*** Data supplied

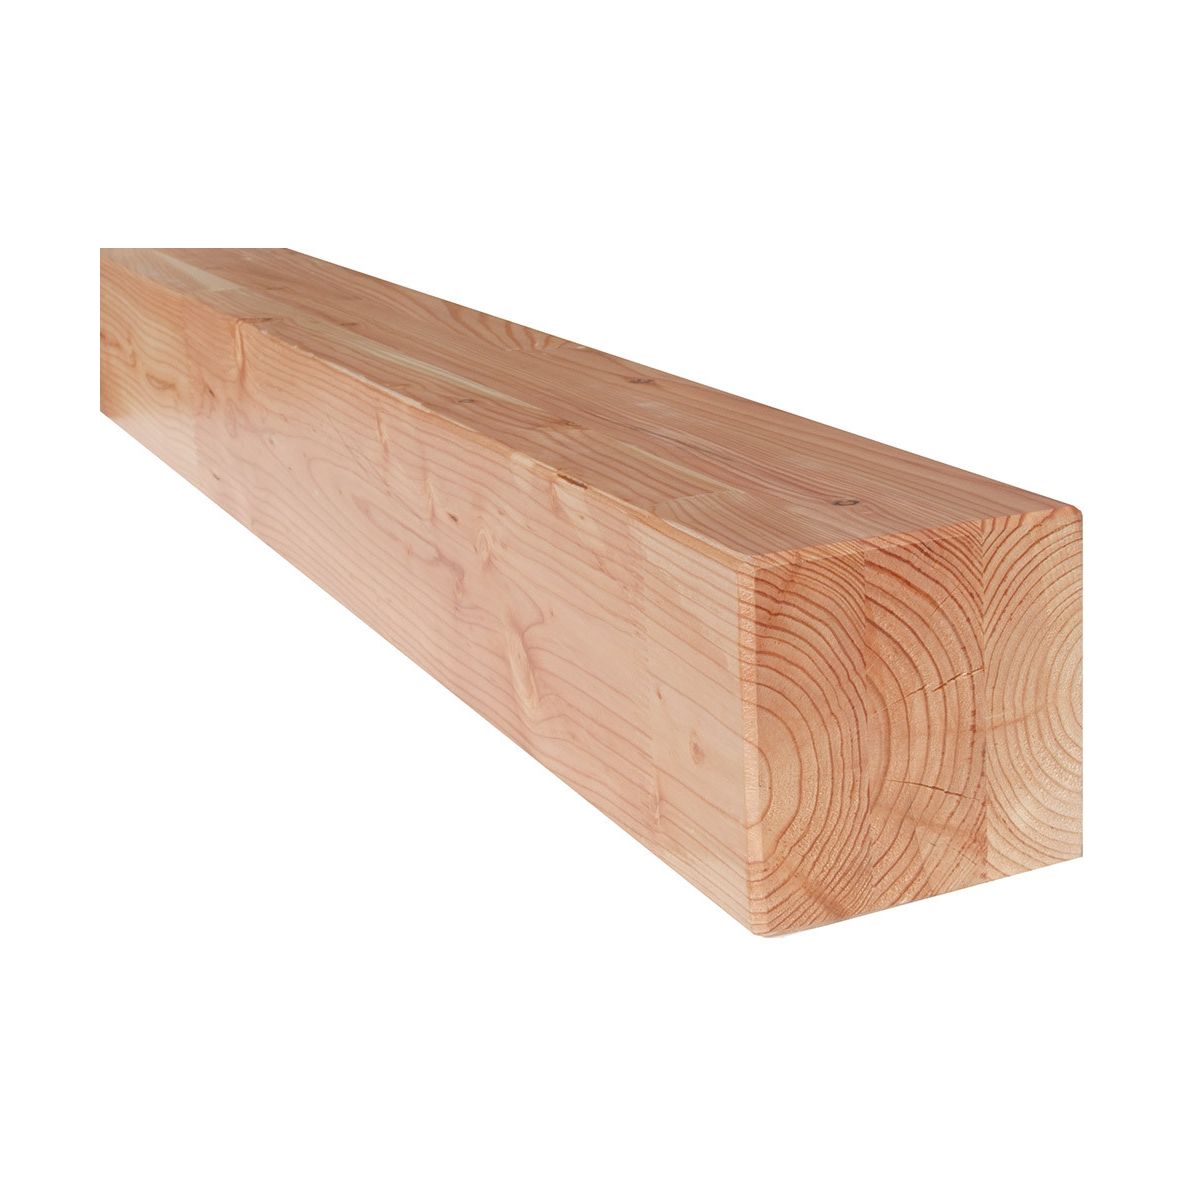 Poutre en bois épicéa - Section 20x20 - Longueur 3m
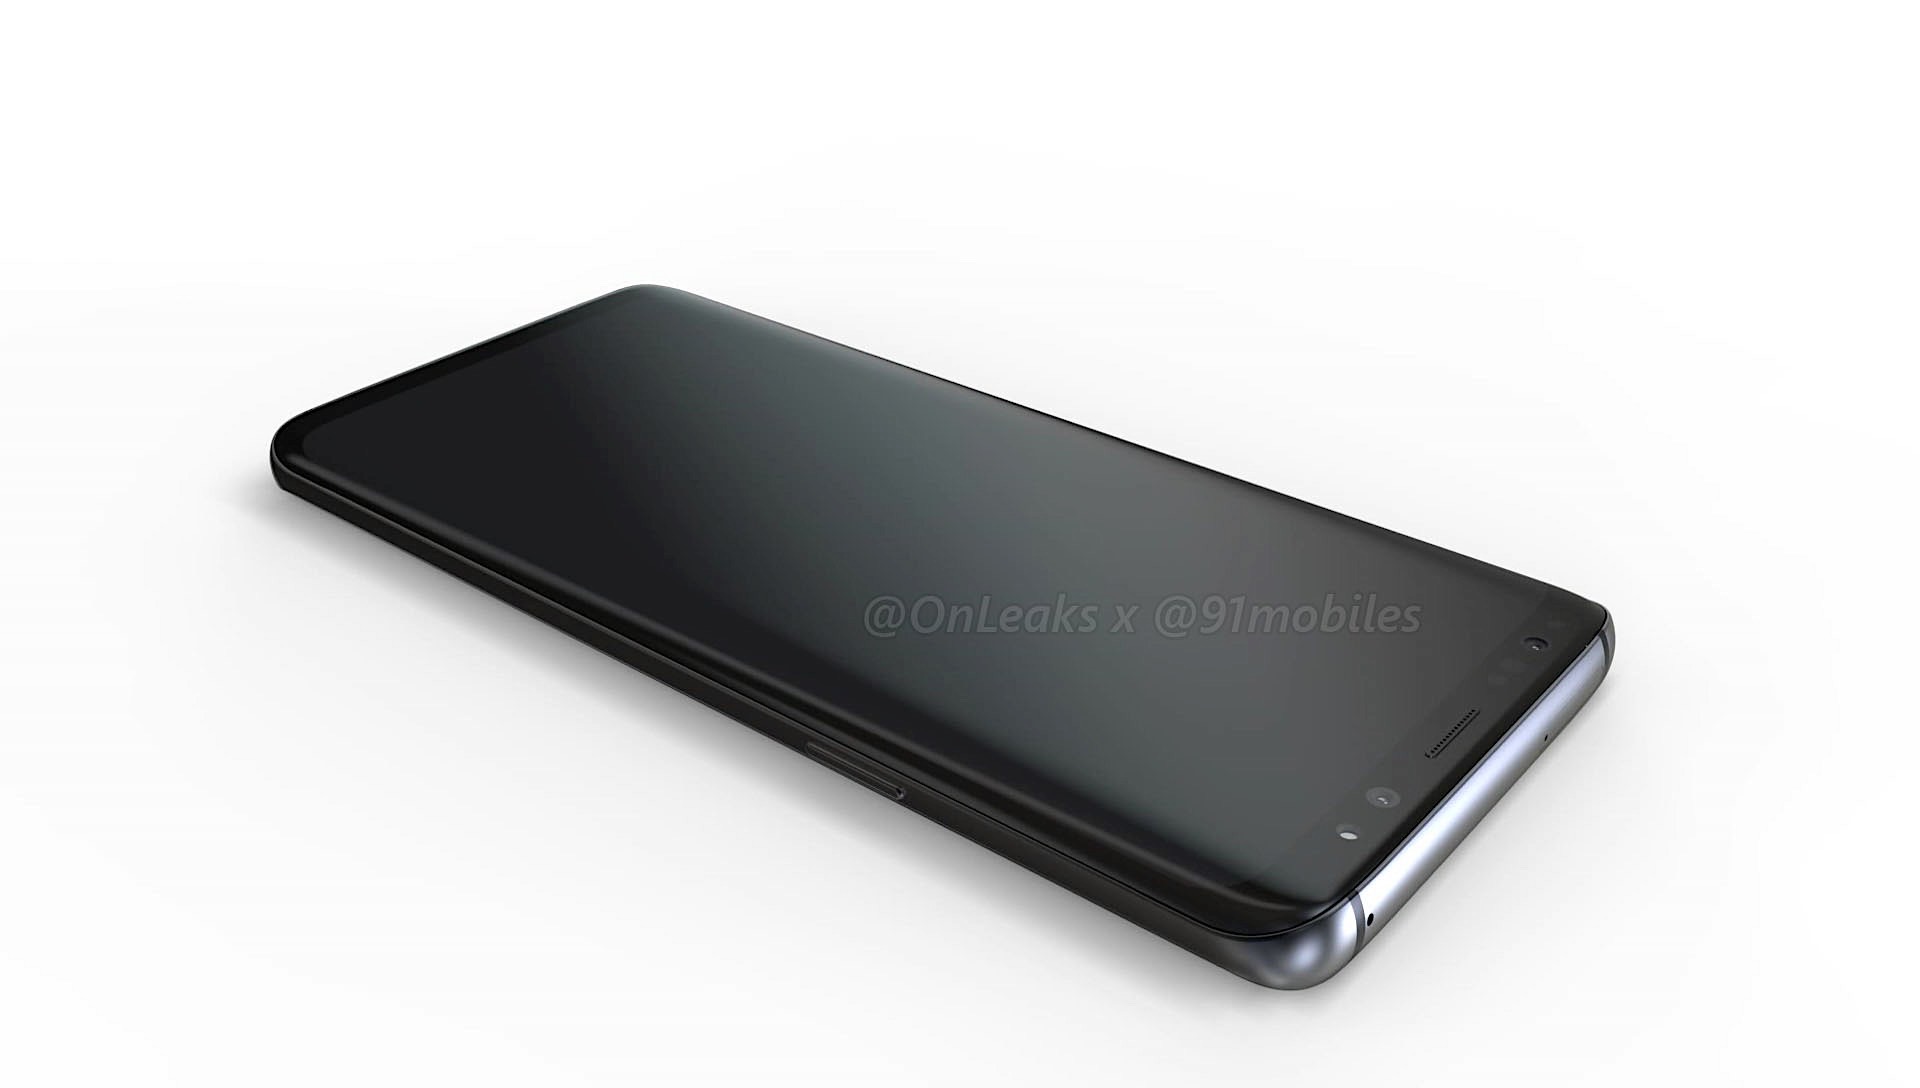 OnLeaks giới thiệu video
render Galaxy S9 và Galaxy S9+ cực kỳ sắc nét và rất chính
xác
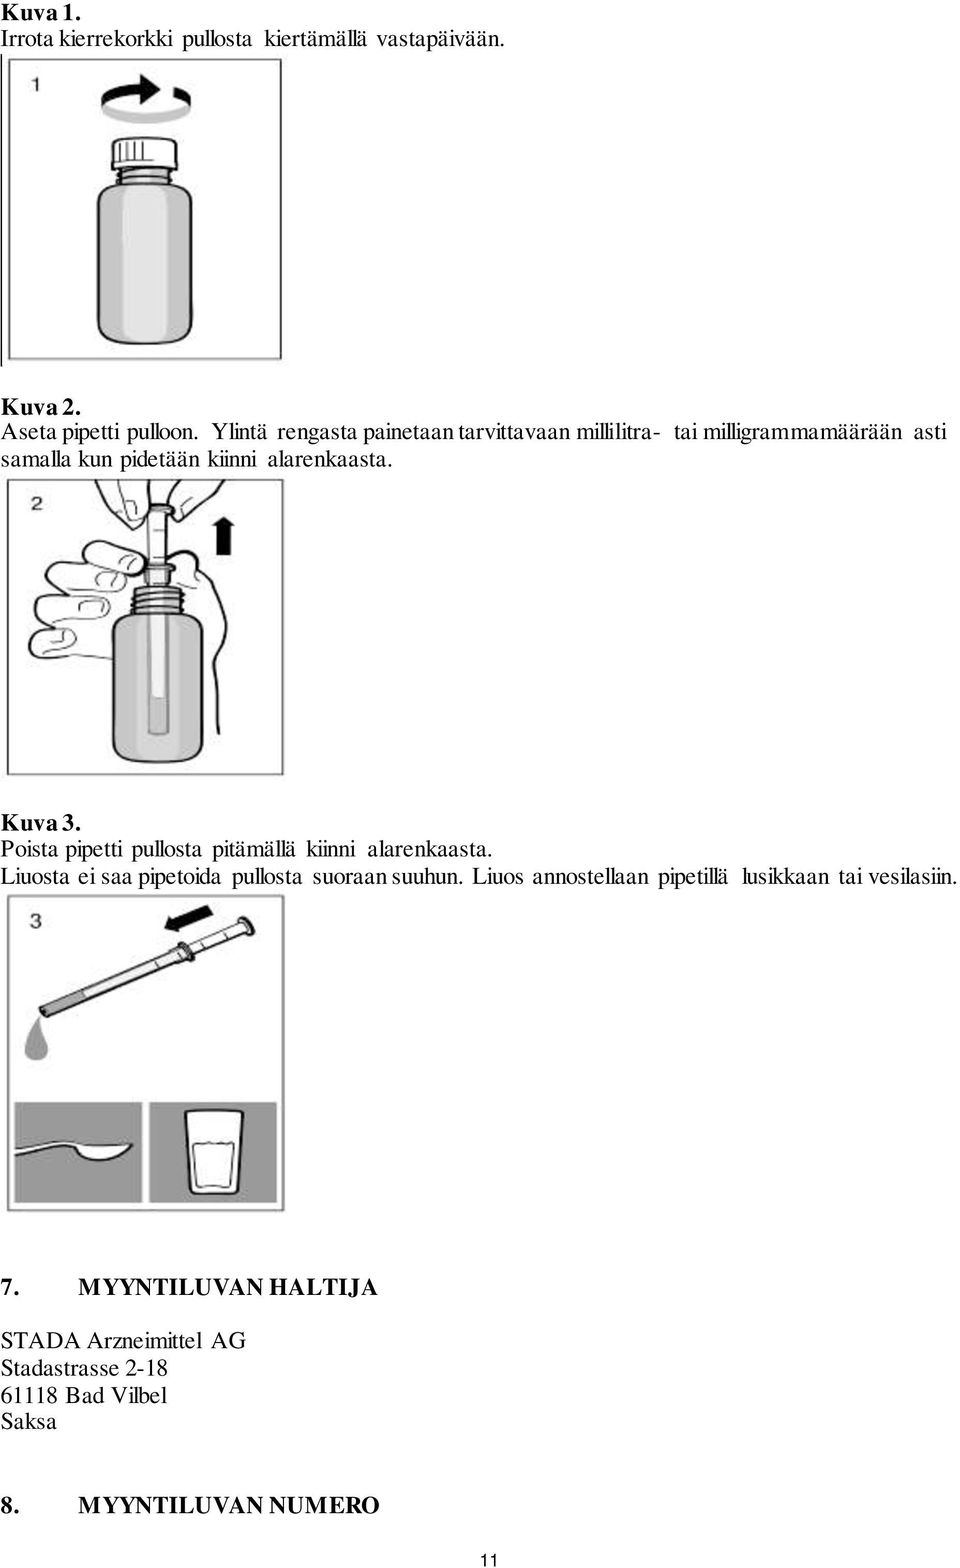 Kuva 3. Poista pipetti pullosta pitämällä kiinni alarenkaasta. Liuosta ei saa pipetoida pullosta suoraan suuhun.
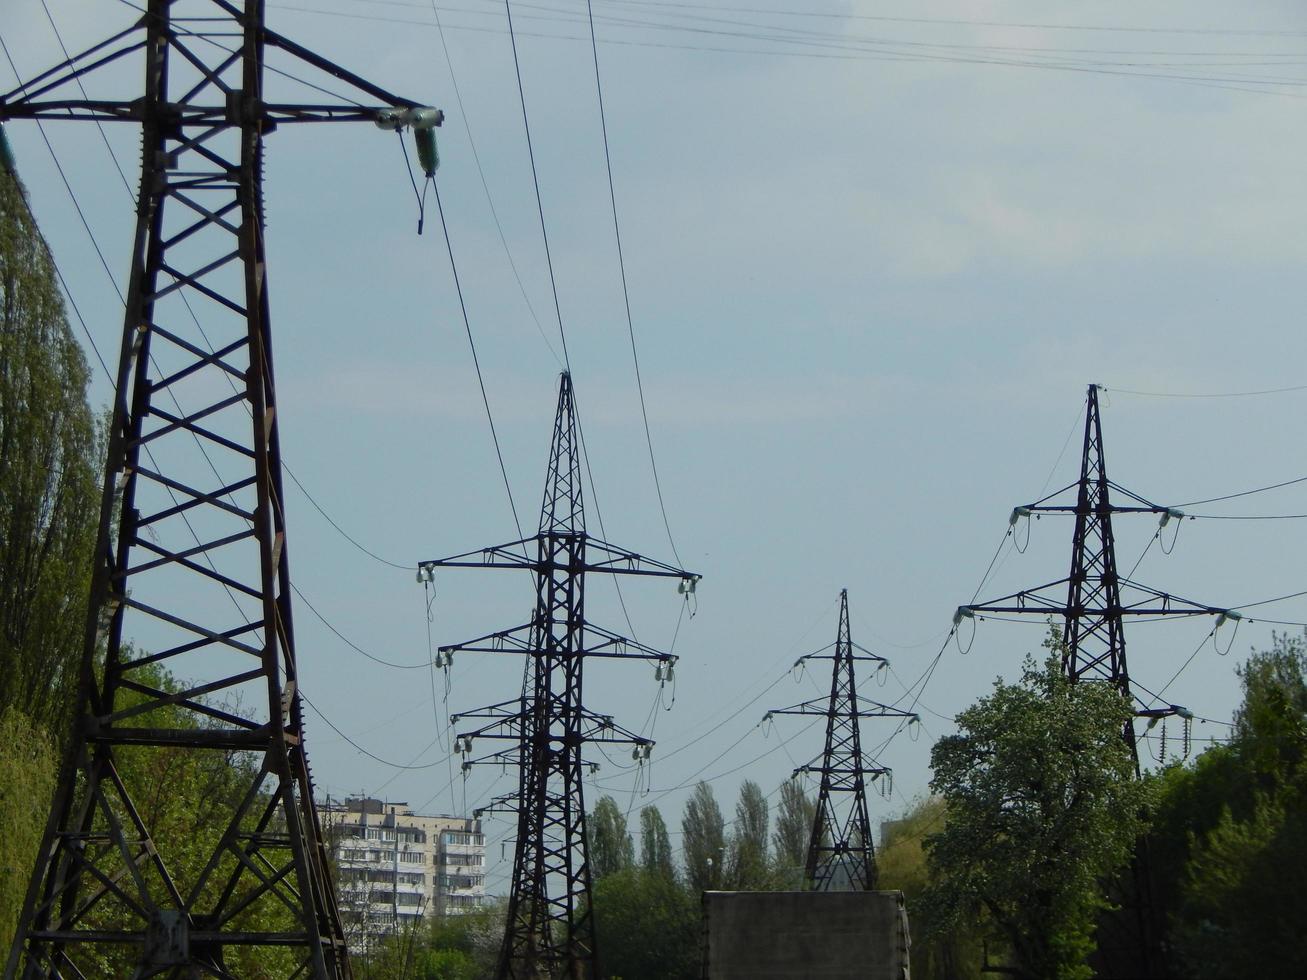 kraftledningar i staden, ansträngda ledningar på en metallkonstruktion foto
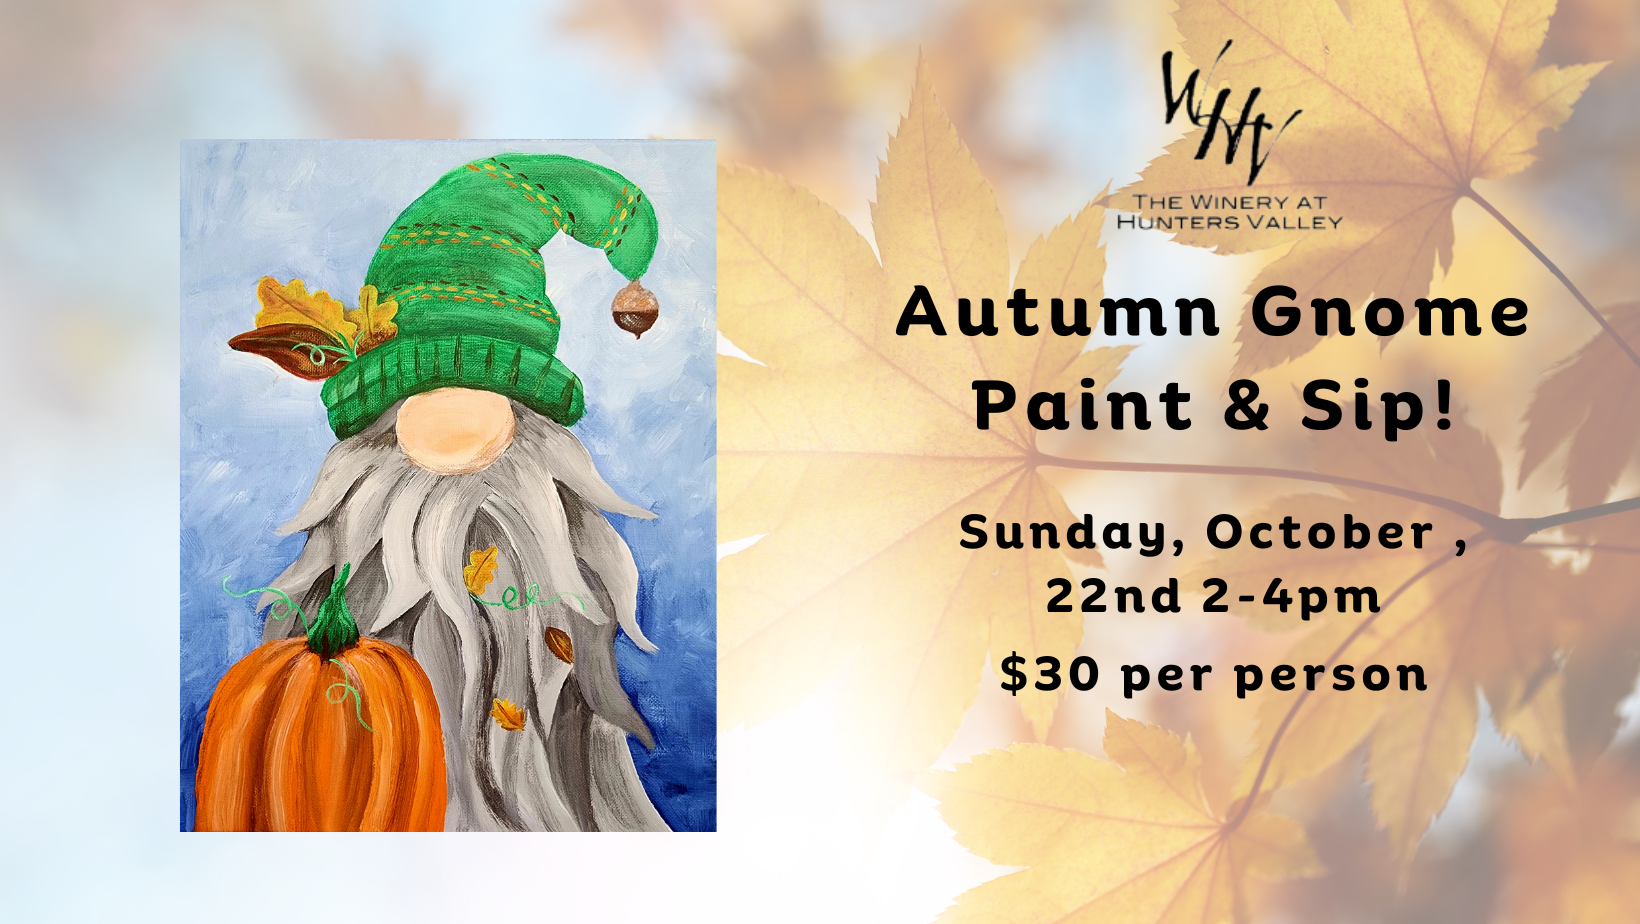 Autumn Gnome Paint & Sip!

******

> _How to complete this task_: Could you set down verbatim the lines from the beginning of the entries above through the line containing "Kuva 3. Poista", both included, leaving out the pictures?

> _Expected output_:
 Poutre en bois épicéa - Section 20x20 - Longueur 3m
 OnLeaks giới thiệu video
render Galaxy S9 và Galaxy S9+ cực kỳ sắc nét và rất chính
xác
 Kuva 3. Poista pipetti pullosta pitämällä kiinni alarenkaasta. Liuosta ei saa pipetoida pullosta suoraan suuhun.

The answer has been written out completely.